The confusion matrix offers four key components for binary classification:

True Positives (TP): Instances correctly predicted as belonging to the positive class.

True Negatives (TN): Instances correctly predicted as belonging to the negative class.

False Positives (FP): Instances incorrectly predicted as belonging to the positive class (also known as Type I errors).

False Negatives (FN): Instances incorrectly predicted as belonging to the negative class (also known as Type II errors).

In [9]:
from sklearn.metrics import confusion_matrix

The classification_report function from sklearn.metrics is a comprehensive tool for evaluating the performance of a classification model. It generates a detailed summary of key metrics that provide insights into how well the model is performing across different classes. These metrics include precision, recall, F1-score, and support.

Precision measures the accuracy of positive predictions. It is the ratio of true positive predictions to the total predicted positives. High precision indicates that the model makes fewer false positive predictions.

Recall (also called sensitivity or true positive rate) measures the ability of the model to correctly identify all relevant instances. It is the ratio of true positives to the total actual positives. High recall means the model identifies most of the true positives.

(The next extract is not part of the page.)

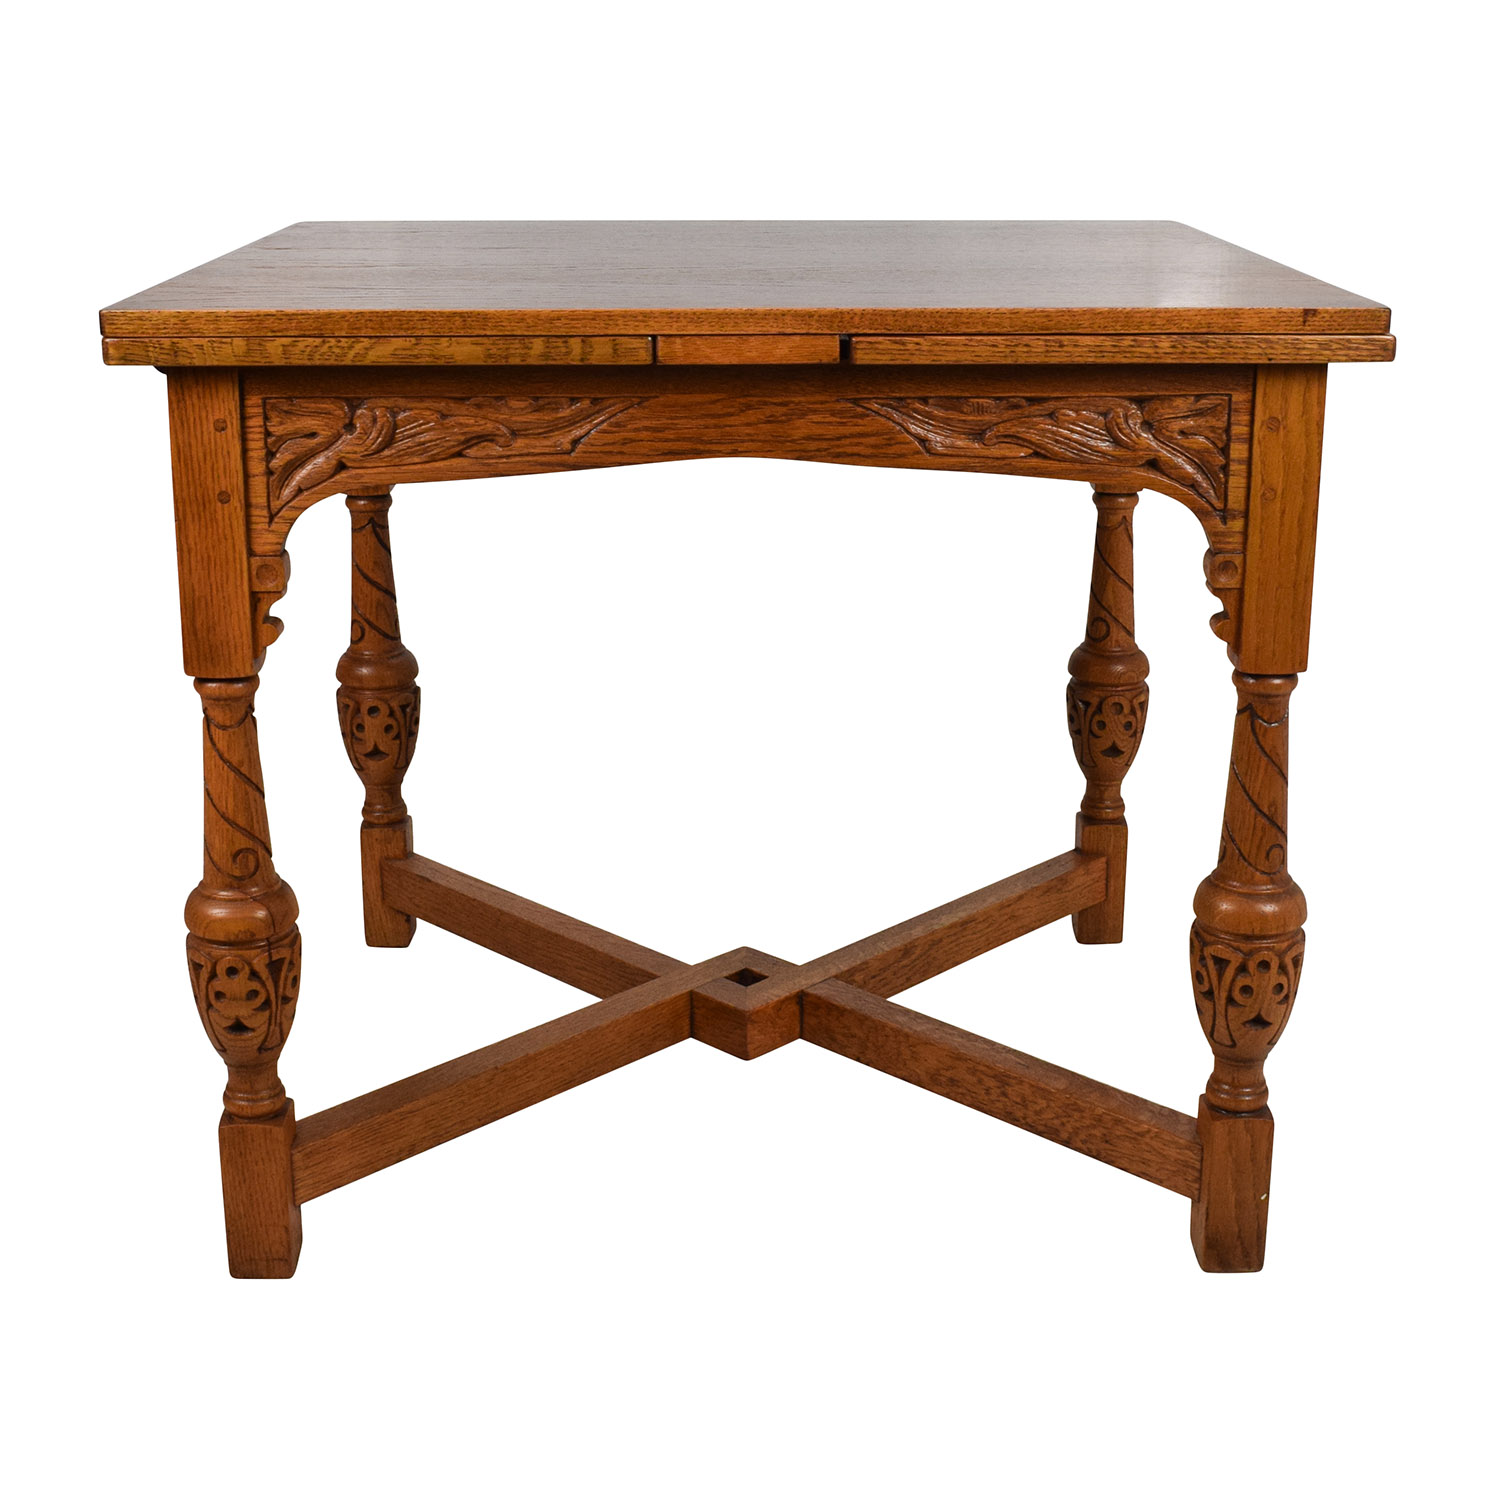 off antique oak extendable dining table tables sell accent large kitchen clocks vegas furniture magnussen coffee square garden cover round gold mirror pottery barn room console
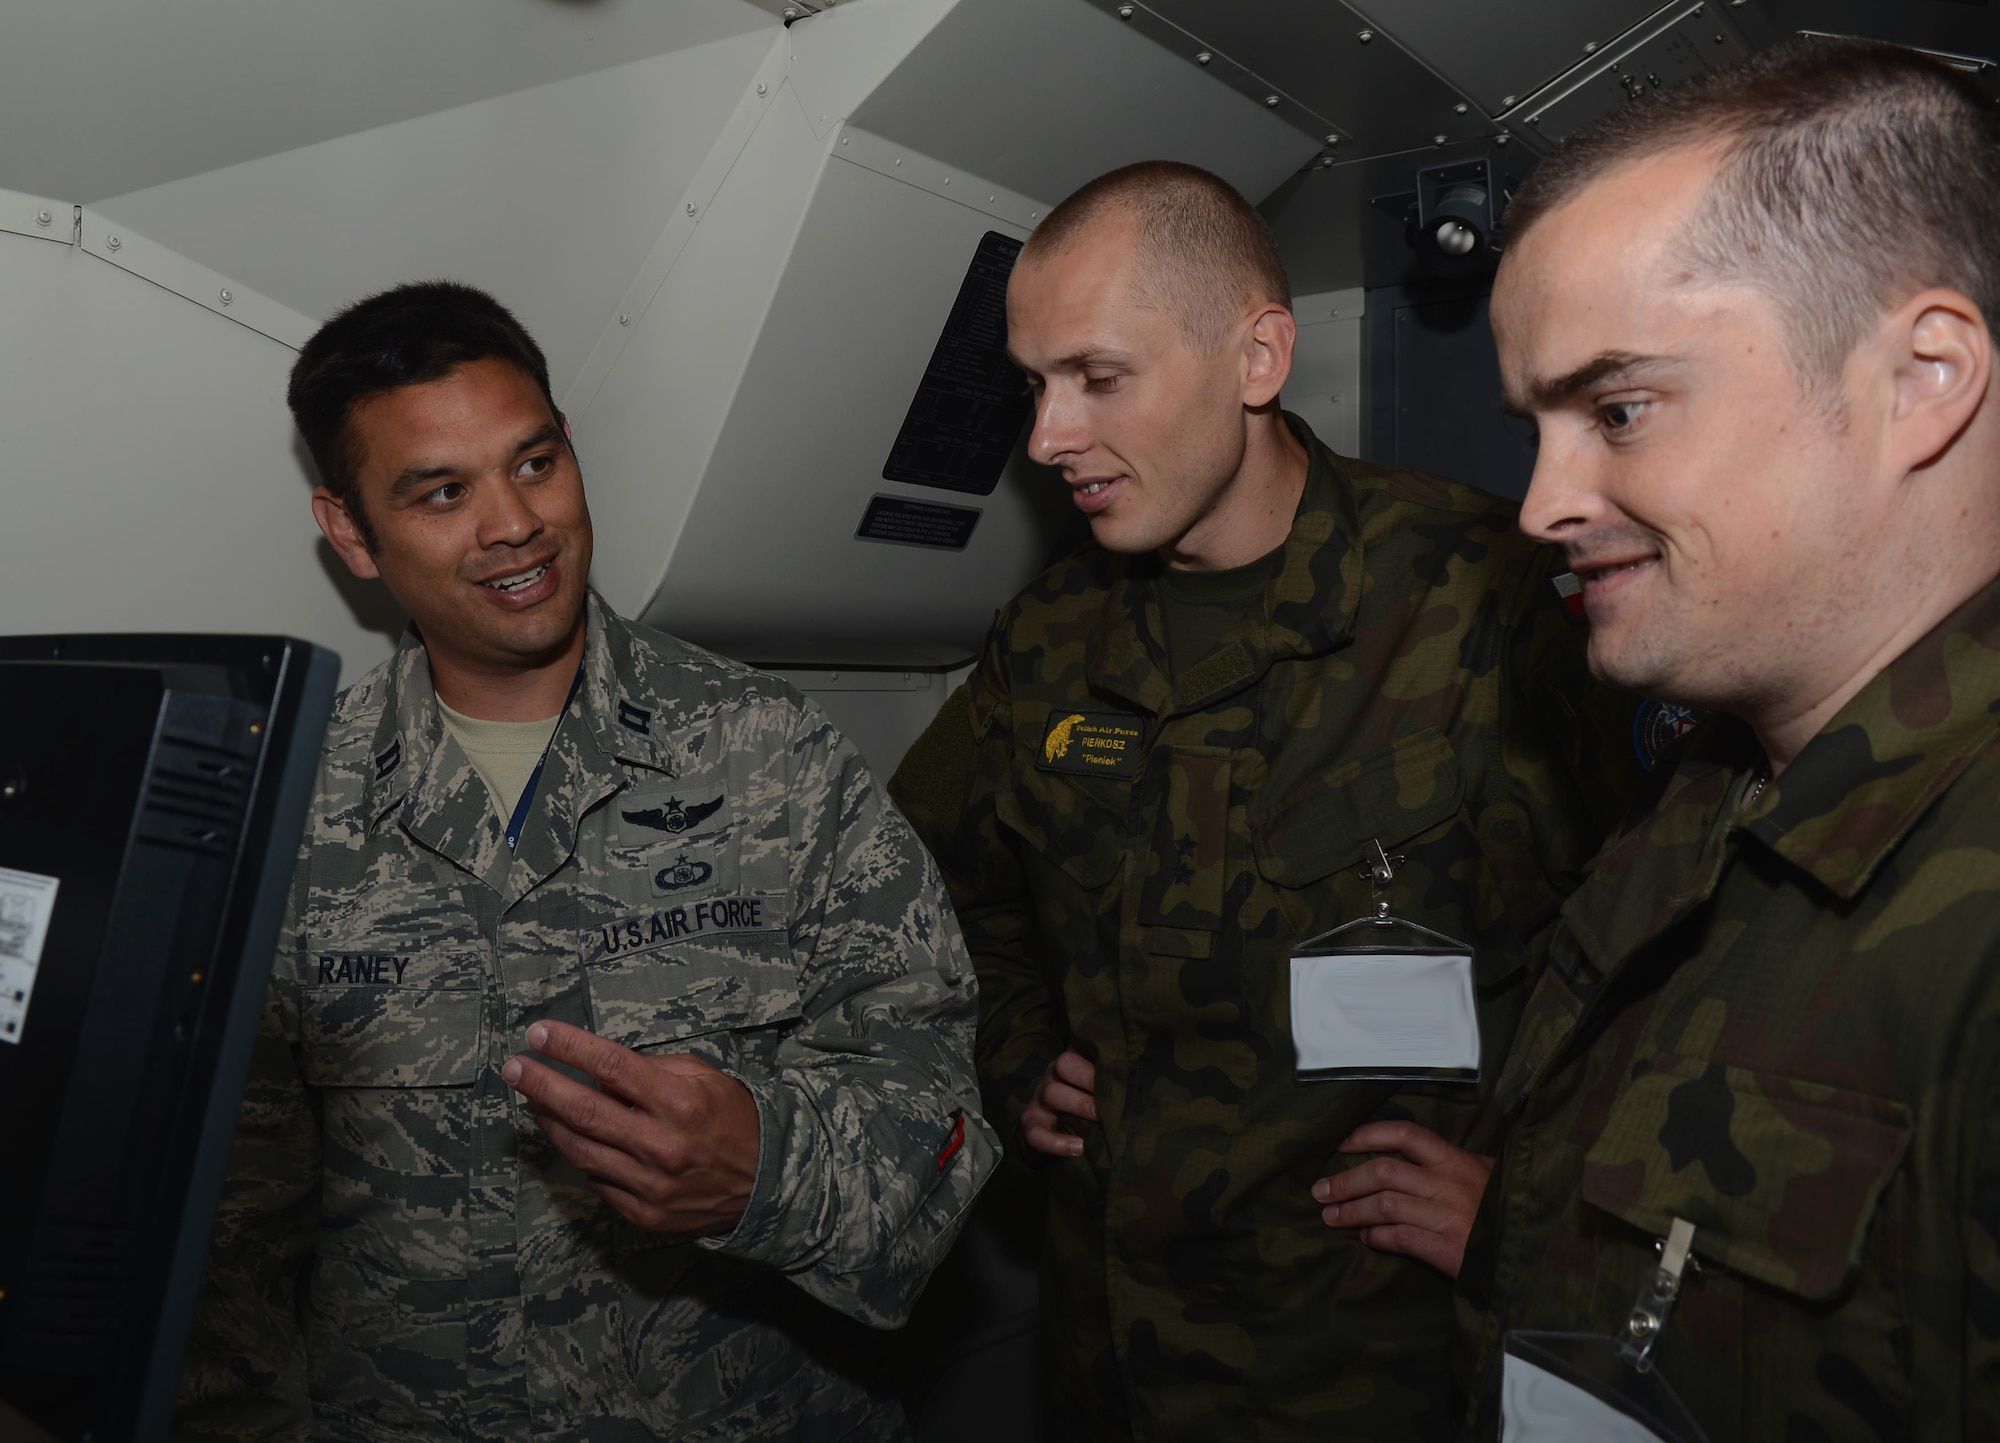 U.S. Air Force Capt. Adam Raney, left, 606th Expeditionary Air Control Squadron mission support director from Tampa, Fla., demonstrates control tactics to two Polish air force service members June 12, 2014, at Powidz Air Base, Poland. The 606th EACS is primarily supporting EAGLE TALON, a Polish-led multinational exercise, to increase interoperability with air-to-air and air-to-surface training involving Polish, U.S., French, British and NATO aircraft. (U.S. Air Force photo/Airman 1st Class Kyla Gifford/Released)

F1-Score is the harmonic mean of precision and recall. It provides a single metric that balances the trade-off between precision and recall, especially useful when you want to find a balance between the two.

Support refers to the number of true instances for each class in the dataset. It gives an idea of the distribution of the dataset across the classes.

In [11]:
from sklearn.metrics import classification_report

In [12]:
## Build out the model

In [13]:
df = pd.read_csv(r'C:\Users\user\Desktop\Data/500hits.csv', encoding = 'latin-1')

In [14]:
df.head()

Unnamed: 0,PLAYER,YRS,G,AB,R,H,2B,3B,HR,RBI,BB,SO,SB,CS,BA,HOF
0,Ty Cobb,24,3035,11434,2246,4189,724,295,117,726,1249,357,892,178,0.366,1
1,Stan Musial,22,3026,10972,1949,3630,725,177,475,1951,1599,696,78,31,0.331,1
2,Tris Speaker,22,2789,10195,1882,3514,792,222,117,724,1381,220,432,129,0.345,1
3,Derek Jeter,20,2747,11195,1923,3465,544,66,260,1311,1082,1840,358,97,0.31,1
4,Honus Wagner,21,2792,10430,1736,3430,640,252,101,0,963,327,722,15,0.329,1


In [15]:
df = df.drop(columns = ['PLAYER', 'CS'])

In [16]:
df.head()

Unnamed: 0,YRS,G,AB,R,H,2B,3B,HR,RBI,BB,SO,SB,BA,HOF
0,24,3035,11434,2246,4189,724,295,117,726,1249,357,892,0.366,1
1,22,3026,10972,1949,3630,725,177,475,1951,1599,696,78,0.331,1
2,22,2789,10195,1882,3514,792,222,117,724,1381,220,432,0.345,1
3,20,2747,11195,1923,3465,544,66,260,1311,1082,1840,358,0.31,1
4,21,2792,10430,1736,3430,640,252,101,0,963,327,722,0.329,1


In [17]:
#Setting aside the independent variable that will be used for prediction
X = df.iloc[:,0:13]

In [18]:
#Setting aside the Target variable that will be predicted.
y = df.iloc[:,13]

This splits the dataset into training and testing sets using the train_test_split function from the sklearn.model_selection module. The purpose of this split is to train the model on one portion of the data (training set) and evaluate its performance on unseen data (testing set). Here's a breakdown of the parameters and their roles:

X and y:

X represents the features or independent variables of the dataset.
y represents the target or dependent variable (what we want to predict).

test_size=0.2: This specifies the proportion of the dataset to include in the test split. In this case, 20% of the data is allocated for testing, and the remaining 80% is used for training.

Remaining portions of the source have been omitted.